Surprise, surprise …. teachers conceive of achievement very broadly, with a strong commitment, particularly from primary teachers, to helping children to become life long learners and to developing their social as well as their intellectual skills. That is why, unlike many other Government initiatives, the Every Child Matters agenda is generally supported by teachers.
It chimes with their own values. Over and over again, teachers tell us– “this is what brought me into teaching”.
Some say it will be difficult to reconcile the broader Every Child Matters outcomes with the pressures created by high stakes testing.
But I have met many inspirational head teachers who see efforts to raise achievement as absolutely central to the every child matters agenda – not as twin tracks or contradictory drivers.
The testing and league tables regime is a separate problem – and a big one.
Someone, some time, somewhere in Whitehall must have misread Socrates. For the 'unexamined life is not worth living' has been substituted 'the unexamined topic is not worth learning'.
We also asked pupils, parents and governors what they believe to be the purposes of education. We did this as the start of a longer term dialogue.
As with teachers, the purposes of education were quite broadly defined by parents and governors - though pupils placed strongest emphasis on academic achievement and the acquisition of subject knowledge and examination success.

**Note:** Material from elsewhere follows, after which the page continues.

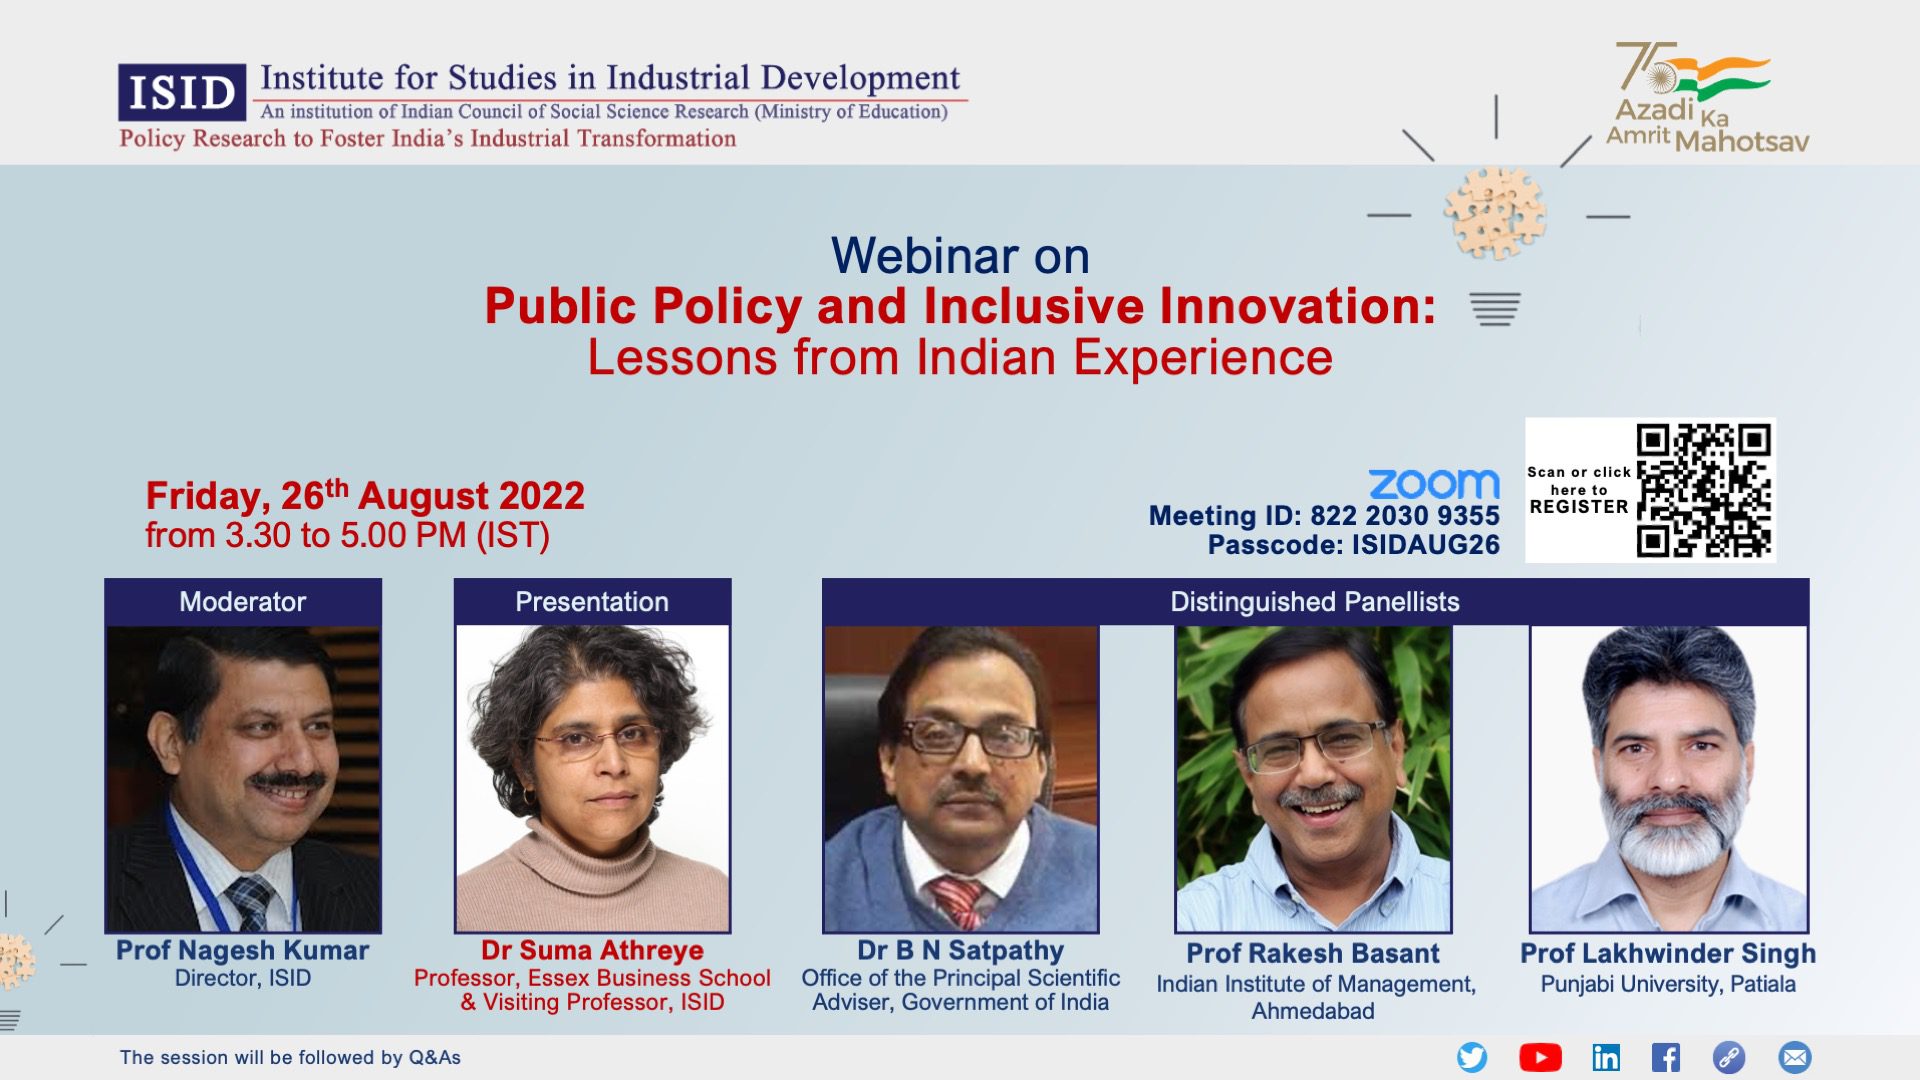 ISID Webinar on Public Policy and Inclusive Innovation: Lessons from Indian Experience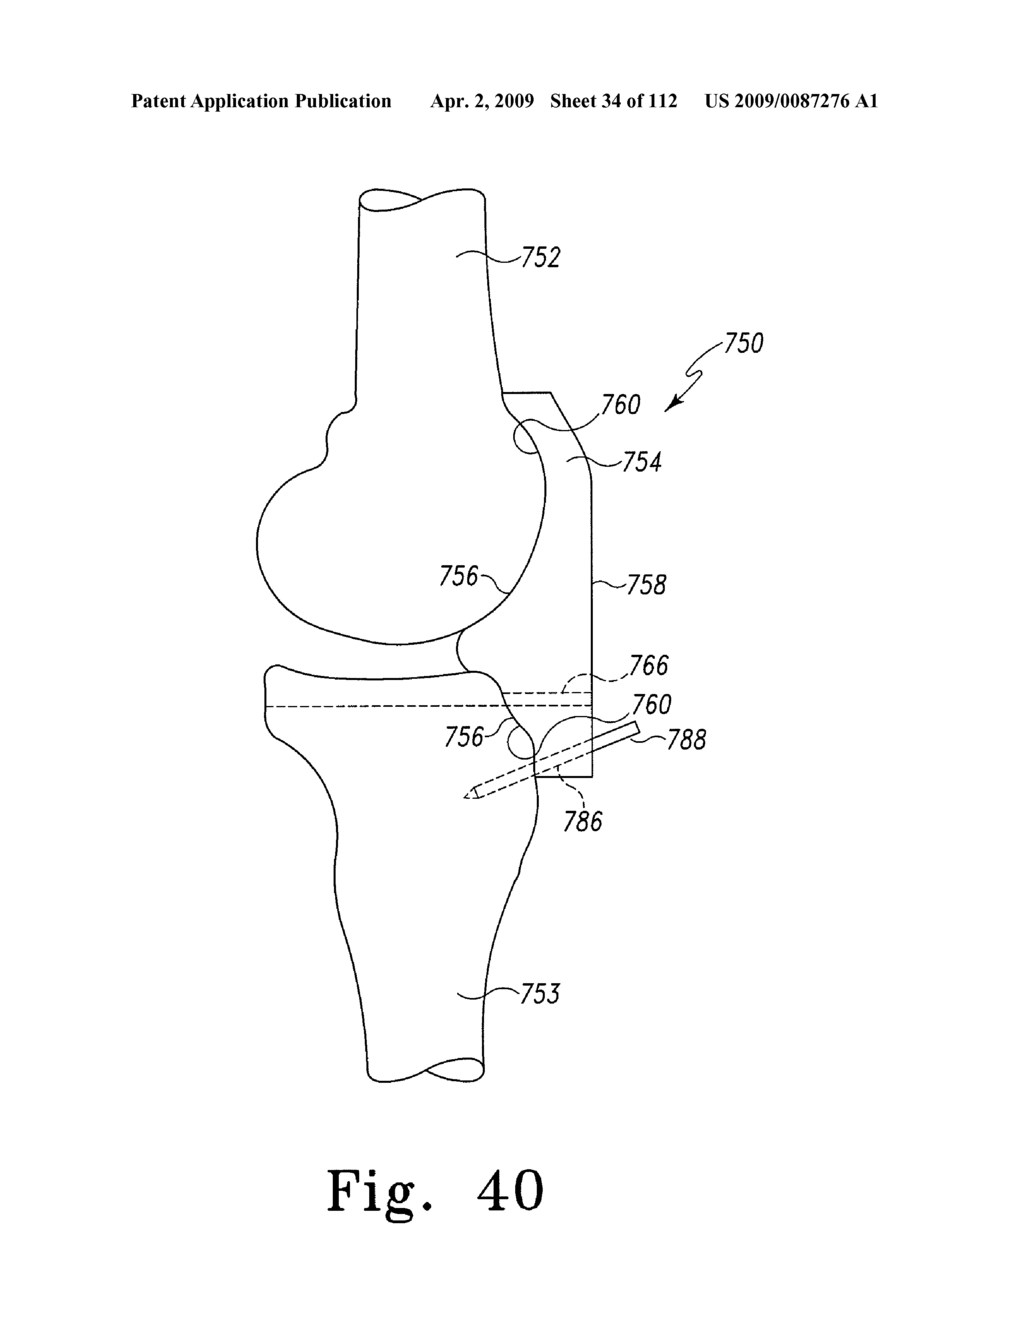 Apparatus and Method for Fabricating a Customized Patient-Specific Orthopaedic Instrument - diagram, schematic, and image 35

However broadly we may wish to define the purposes of education, we cannot avoid the elephant in the room. ~ the major challenge of inequality and that long tail of underachievement ~ the longest tail in the Western world.
It’s persistent, apparently intractable and hugely influenced by social class and poverty.
We seem to have reached a plateau in the improvement of standards of literacy and numeracy.
I have my own explanation for this.
The single biggest leap in standards of literacy in our primary schools was achieved the year before the literacy hour was introduced – but when teachers and schools knew it was coming. Their attention had been directed to the problem – a legitimate action for Government – and teachers and schools devised their own solutions – and these made a greater impact than what followed.
I would argue that what works for teachers – devising your own solutions, applying your own creative powers, working collaboratively on a shared problem – also applies to pupils.
And tells us something important and enduring about the purpose of education…. It asks us to find the right balance between stimulus and support, between knowledge and inquiry; and to encourage self directed learning, because knowing how to learn requires both discipline and creativity.
That is what education should be about and, helpfully, it points us to what it should be for.